Fig. 3: Object-specific versus object-independent orientation encoding.
figure 3

a, Orientation model analogous to Fig. 2a but extended to separately examine orientation encoding within (left) and between (right) objects. Unsaturated colours delineate distances that are excluded from the respective submodel. The degree of object specificity is inferred from the extent to which within-objects encoding is stronger than between-objects encoding. b, Difference in orientation encoding within objects compared to between objects for the cued stimulus during each delay period. Data are averaged from cue onset to the end of the delay. The four conditions are sorted by the time distance from stimulus presentation (‘mnemonic distance’ from lowest to highest). Grey dots show individual participant results, and trend lines show linear fits. Box plots show group means ± s.e.m. (boxes) and ± s.d. (whiskers), n = 41 participants. c, Orientation encoding time courses within and between objects during Delay 1, shown separately for when the stimulus was cued (pink and purple) or uncued (light and dark green). Top, Stimulus 1. Bottom, Stimulus 2. Coloured shadings show s.e.m. Coloured marker lines at the bottom indicate significant object specificity in terms of stronger orientation encoding within than between objects (display threshold Pcluster < 0.0125). Otherwise, same conventions as Fig. 2c. d, Same as c, but for the second delay period (Delay 2). e,f, Bayes Factor (BF01, one-tailed) analysis of the difference between within- and between-objects encoding. BF time courses are shown for the cued orientation in the respective task periods (e, Delay 1; f, Delay 2). Negative values on the log scale (y axis) indicate stronger evidence for object-specific encoding (within > between) than for object-independent encoding (within ≤ between); positive values indicate the opposite. Results are shown for periods of significant overall orientation encoding (see Fig. 2) where the comparison of within- and between-objects encoding is meaningful. The data were smoothed with a 50 ms Gaussian kernel before this analysis. Saturated colours indicate stronger-than-anecdotal evidence (logBF < −1.1 or > 1.1, which corresponds to BF < 1/3 or > 3).

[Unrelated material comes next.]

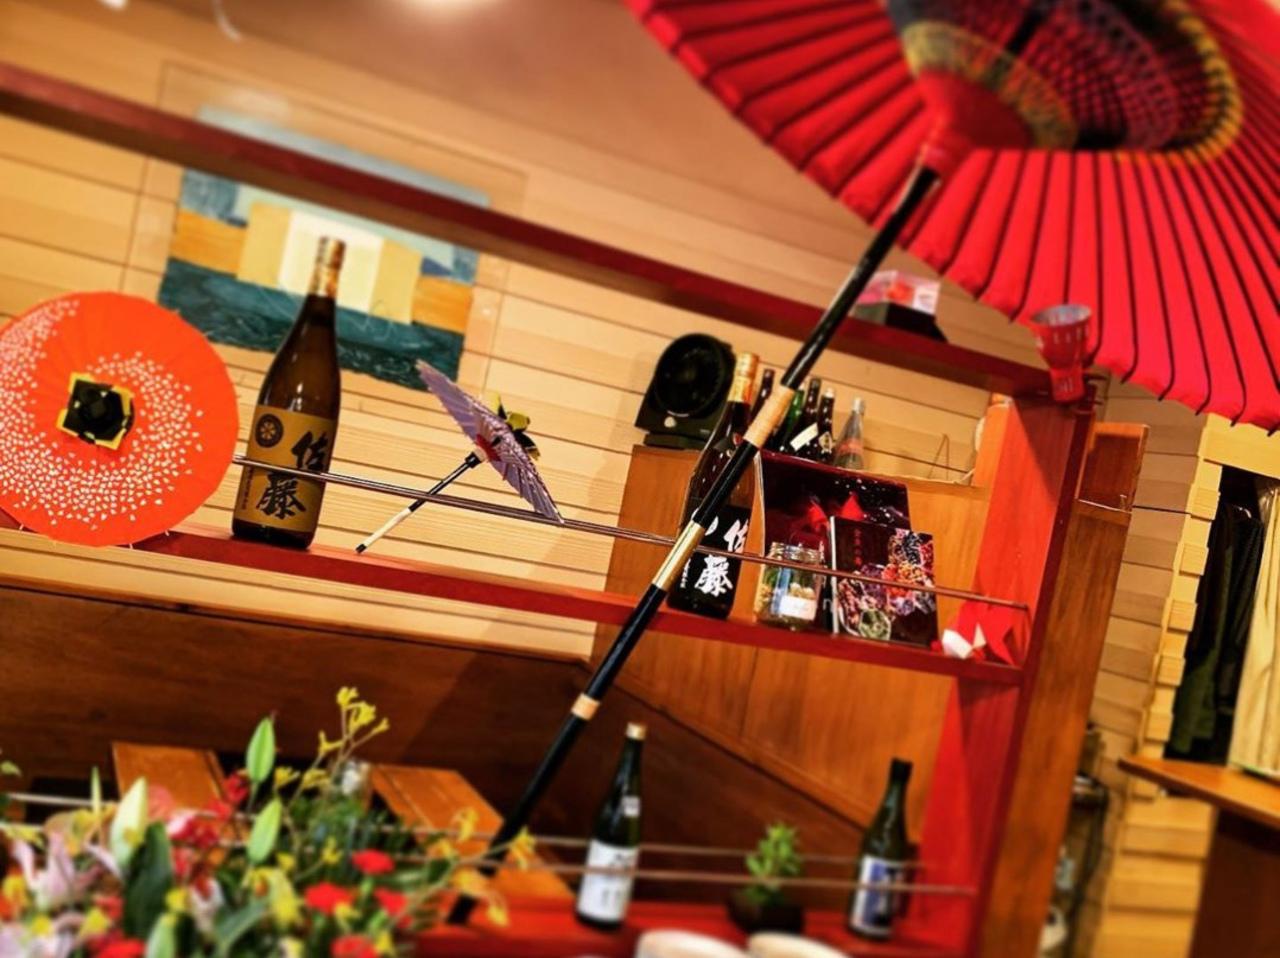 イタリアンから和食のお店に...神奈川県藤沢市藤沢に「モダン割烹 銀平」プレオープン

Focusing on the delay periods, we examined whether the object specificity of cued orientation encoding differed between the two delay periods (Delay 1 or 2) and/or between the first and second presented stimulus (Stimulus 1 or 2). A 2 × 2 repeated-measures ANOVA on the difference in encoding strength (within- minus between-objects, averaged across the respective delay periods) showed a main effect of delay period (Delay 1/2; F(1,40) = 6.204, P = 0.017, η2 = 0.064) indicating greater object specificity during Delay 1 but no effect of presentation order (Stimulus 1/2; F(1,40) = 0.985, P = 0.327). There was also moderate interaction between the two factors (F(1,40) = 4.466, P = 0.041, η2 = 0.027), reflecting that the difference between the two delays was stronger for Stimulus 2. Again, we also inspected these results in terms of the mnemonic distance from stimulus presentation, that is, the time the orientation in question had been unattended while focusing on the other orientation (Fig. 3b). Indeed, this analysis confirmed a decrease in object specificity with increasing mnemonic distance (t(40) = −2.473, P = 0.018, d = −0.386, 95% CI (−0.010, −0.001); t-test of linear slope against zero).

Together, these results showed that unlike during perceptual processing, gaze patterns during the delay periods reflected WM information in more generalized (or abstract) coordinates and that the level of this abstraction increased after periods of temporary (or partial) inattention.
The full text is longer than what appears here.